Tüm bu tartışmalar içerisinde hukuki olarak garabet olan bu haksız karara karşı kamu vicdanını işliyor görmek umut verici.
Gelişmeleri haberleri ve sosyal medyayı takip eden herkes yukarıda özetlediğim haliyle biliyor. Burada yeniden haberleri naklederek vaktinizi ve alanı işgal etmeyeceğim. Son iki gün yaşanan gelişmeler ışığında siyasi gündemi tartışmak istiyorum.
Ekrem İmamoğlu’na yönelik dava aslında 2 yıllık bir geçmişe sahip. Son birkaç güne kadar gündemimizi çok meşgul etmeyen dava, duruşmaya bir gün kala gündemde daha yoğun şekilde yer buldu ve akabinde Ekrem İmamoğlu’nun sonuç ne olursa olsun halkı iradesine sahip çıkmak adına Saraçhane’ye davet etmesi ile en çok teveccüh gören gündem haline geldi. Kararın ardından İmamoğlu’nu karşılayıp kucaklayanın ise Kemal Kılıçdaroğlu yerine Meral Akşener olması bazı farklı yorumlar doğurdu.
Muhalefet mevcut birlikteliği ancak sağlayabilmişken masanın dağılması bir fecaat olur.
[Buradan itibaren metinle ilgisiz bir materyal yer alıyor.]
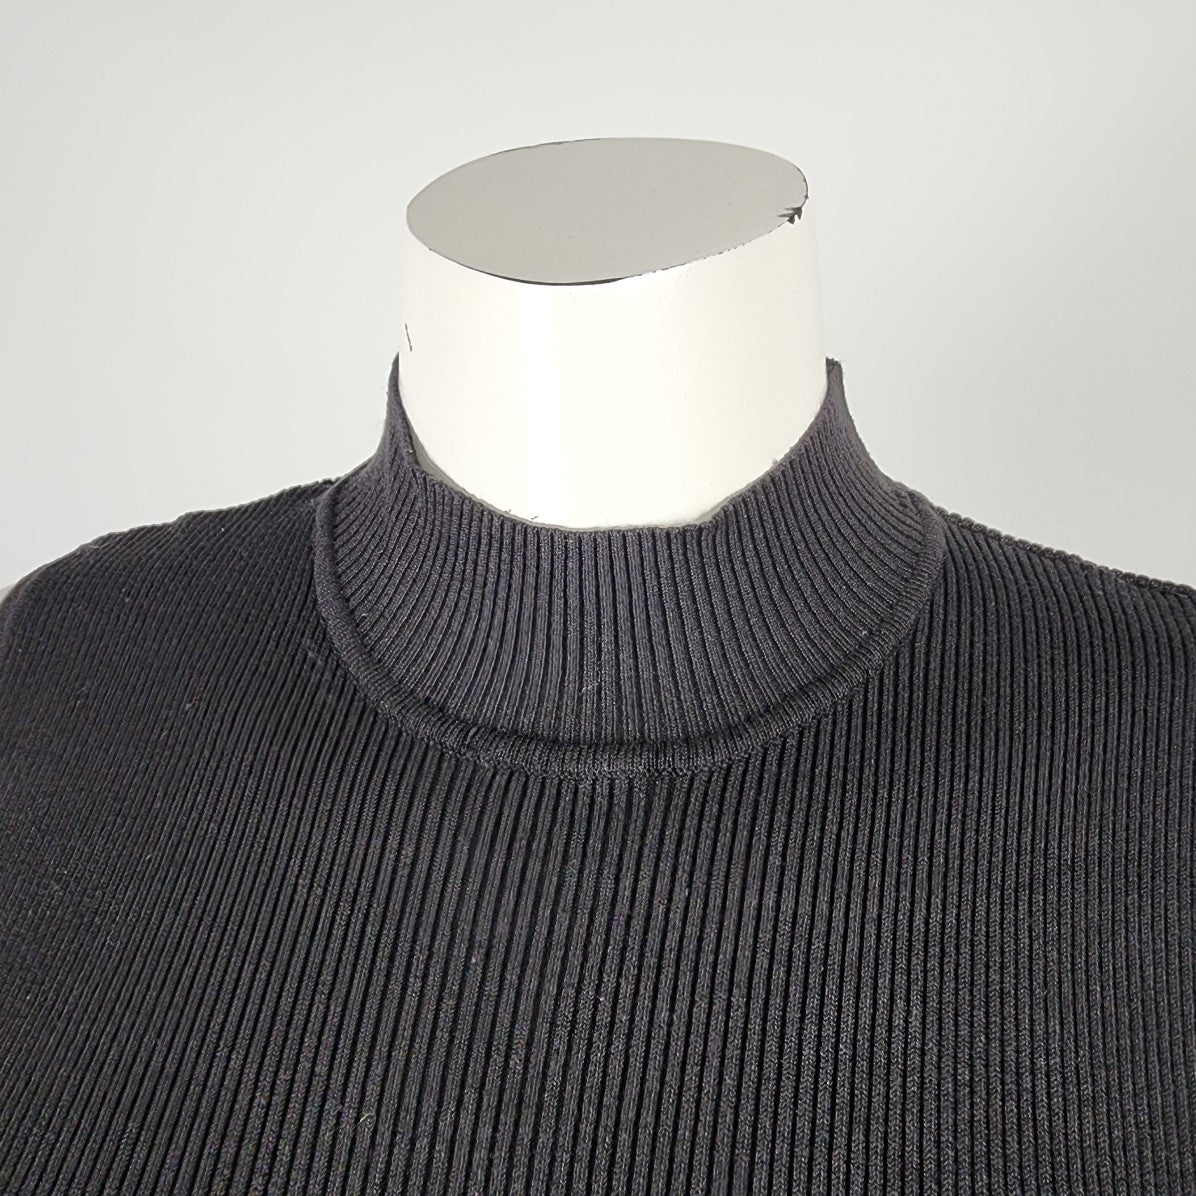 FDJ Black Knit High Neck Sleeveless Top Size S/M

Sistemin değişimine kesin olarak ihtiyaç duyulan şu süreçte muhalefetin gerekli değişimleri sağlayabilecek kudrette birliktelik kurması kadar bu birlikteliğin sürdürülebilmesi de önemlidir.
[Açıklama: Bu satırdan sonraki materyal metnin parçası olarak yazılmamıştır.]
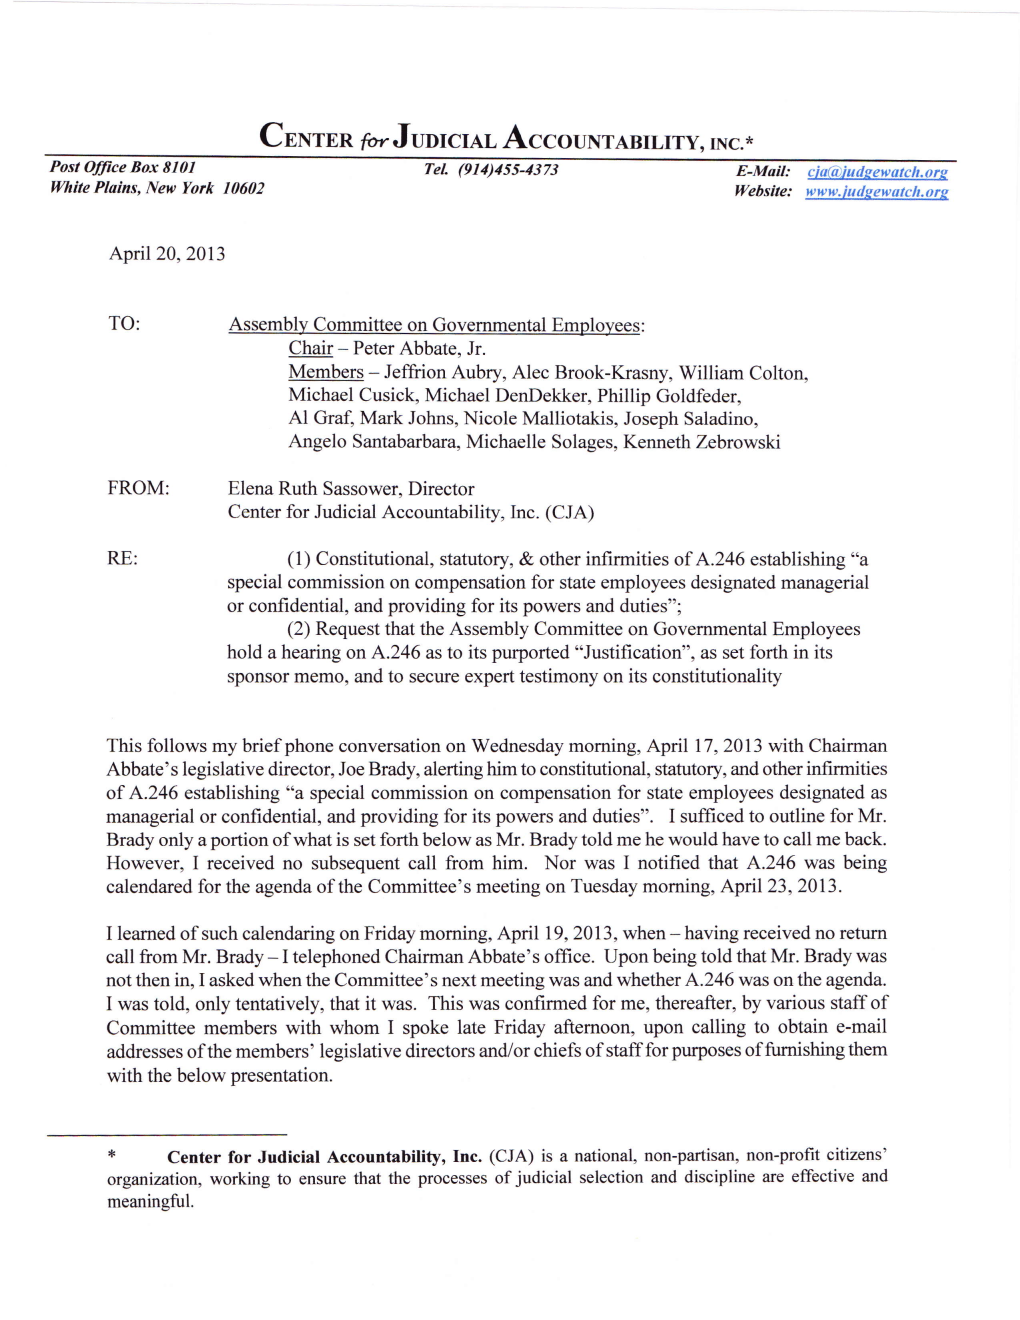 CJA's April 20, 2013 Memorandum to Assemblyman Zebrowski & All Other

Kemal Kılıçdaroğlu’nun karara yönelik ilk açıklamalarında başka belediye başkanlarının yaşadığı benzer sıkıntılara atıfta bulunması, Ekrem İmamoğlu için “16 milyon İstanbullu seninle” vurgusu ile Türkiye değil İstanbul üzerine vurgu yapması göze çarpıyor. Meral Akşener ise dün gerçekleştirilen mitingde “Sadece 16 milyon değil, 85 milyon seninle” diyerek adeta Ekrem İmamoğlu’nu Cumhurbaşkanı adayı ilan eder nitelikte sözlerini dile getirdi. Meral Akşener’in Çarşamba günü Saraçhane’ye gelişi ve Ekrem İmamoğlu ile birlikte Saraçhane’ye gelenlere hitabı konusunda Kemal Kılıçdaroğlu ile bir iletişim kurmadığı ise açıkça görülüyor.
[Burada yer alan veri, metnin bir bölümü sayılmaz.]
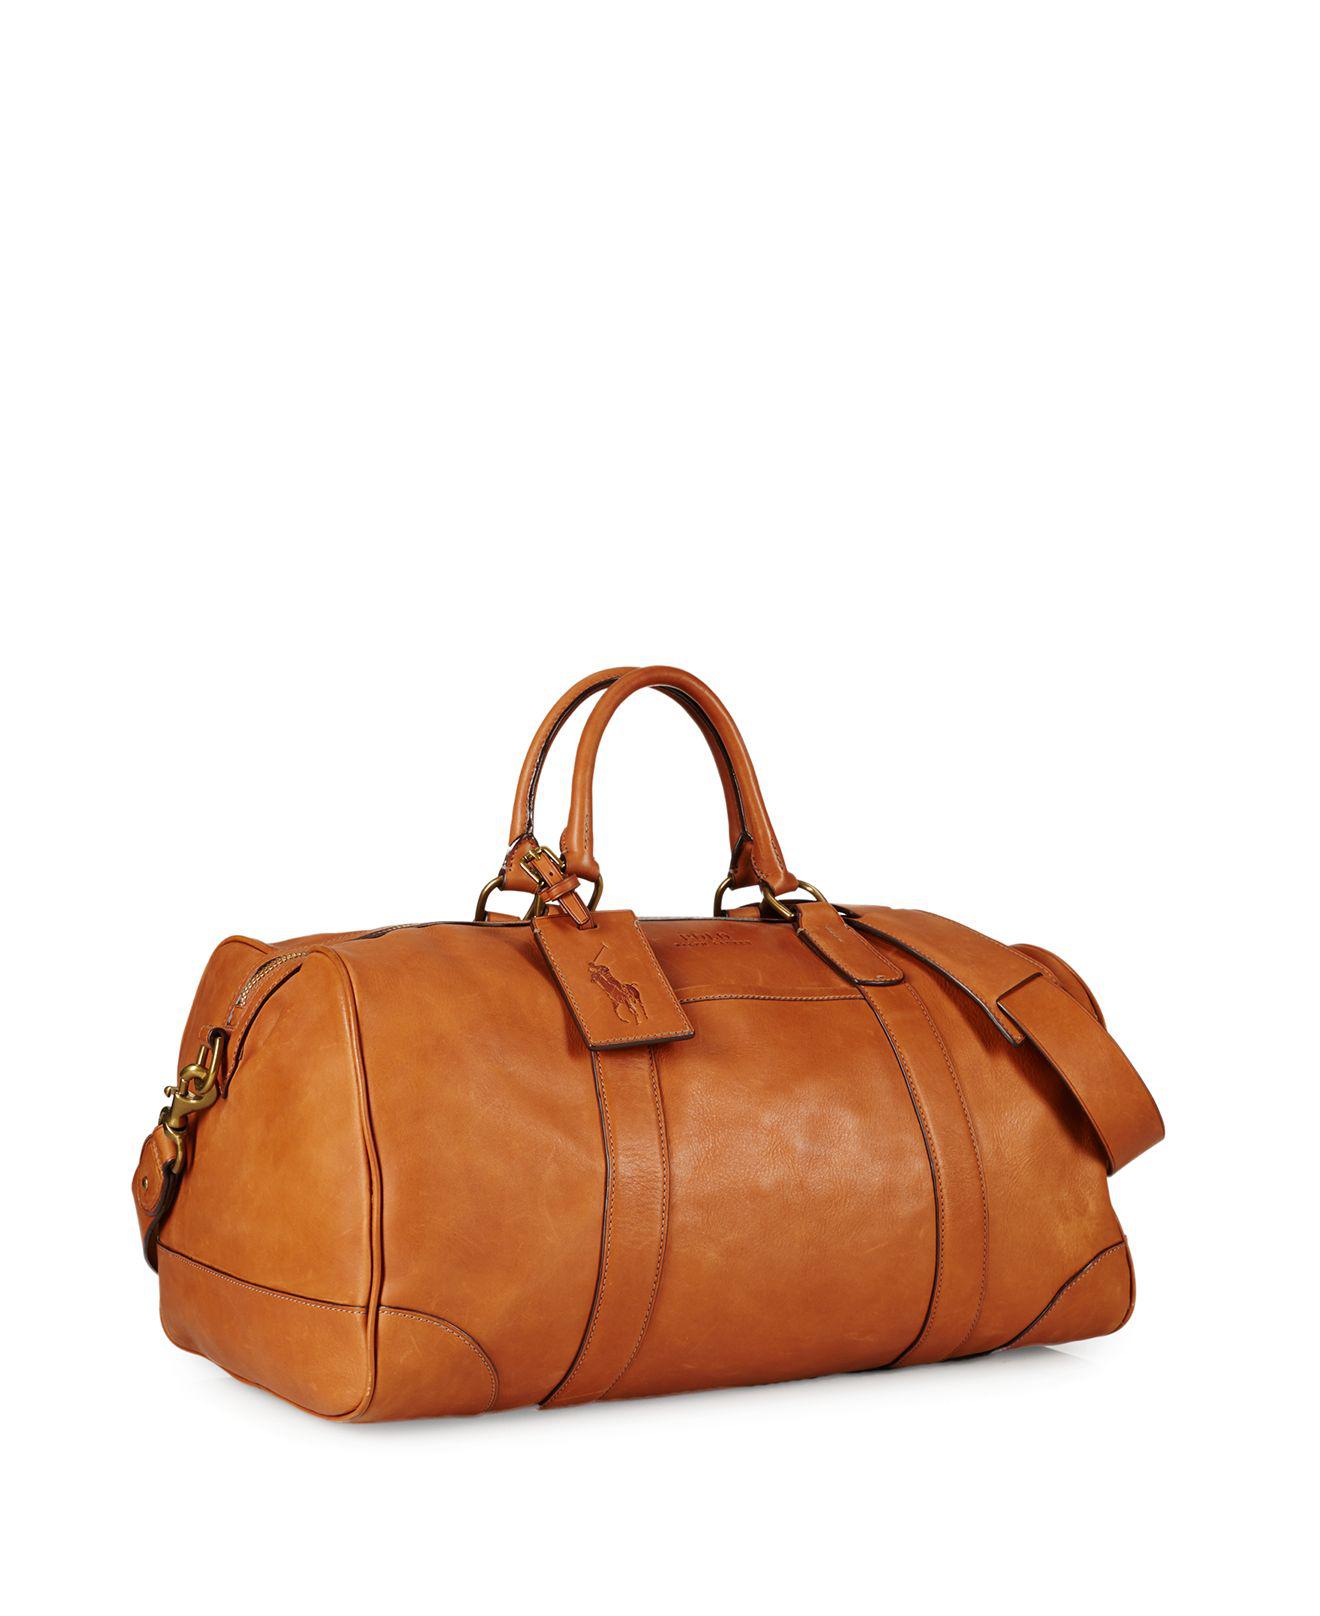 Lyst - Ralph Lauren Polo Core Leather Duffel Bag in Brown for Men

İsmail Saymaz: "CHP teşkilatı olmadan İmamoğlu seçim kazanamaz."
Kılıçdaroğlu’nun yukarıda zikredilen ifadelerinden Ekrem İmamoğlu’nun muhtemel adaylığını onaylamadığını anlayabiliyoruz. Almanya ziyaretinde Kemal Kılıçdaroğlu'na eşlik eden Gazeteci İsmail Saymaz’ın “CHP teşkilatı olmadan İmamoğlu seçim kazanamaz” minvalinde ifadeleri ve sosyal medyada Parti çevrelerince yayınlanan paylaşımlarda yapılan tartışmalar bu son gelişmenin ve Meral Akşener’in “85 Milyon” çıkışının CHP içerisinde bir bölünme yaratabileceğini düşündürüyor. Bu söylemleri Meral Akşener’in Kılıçdaroğlu’nu pasifize etmesi olarak yorumlamak mümkün mü? Ya da İYİ Parti’nin masada Kemal Kılıçdaroğlu’nun kuruculuğu dışında bir girişimi mi söz konusu?
Akşener’in masadan kalkacağına kadar varan tespitlerde bir haklılık payı yok değil. İYİ Parti’nin masayı dağıtacağı yönünde yorumları şimdilik çok gerçekçi bulmasam da son gelişmelerin izleyebileceği patikalardan böyle bir sonuca gitme ihtimali de yok değil.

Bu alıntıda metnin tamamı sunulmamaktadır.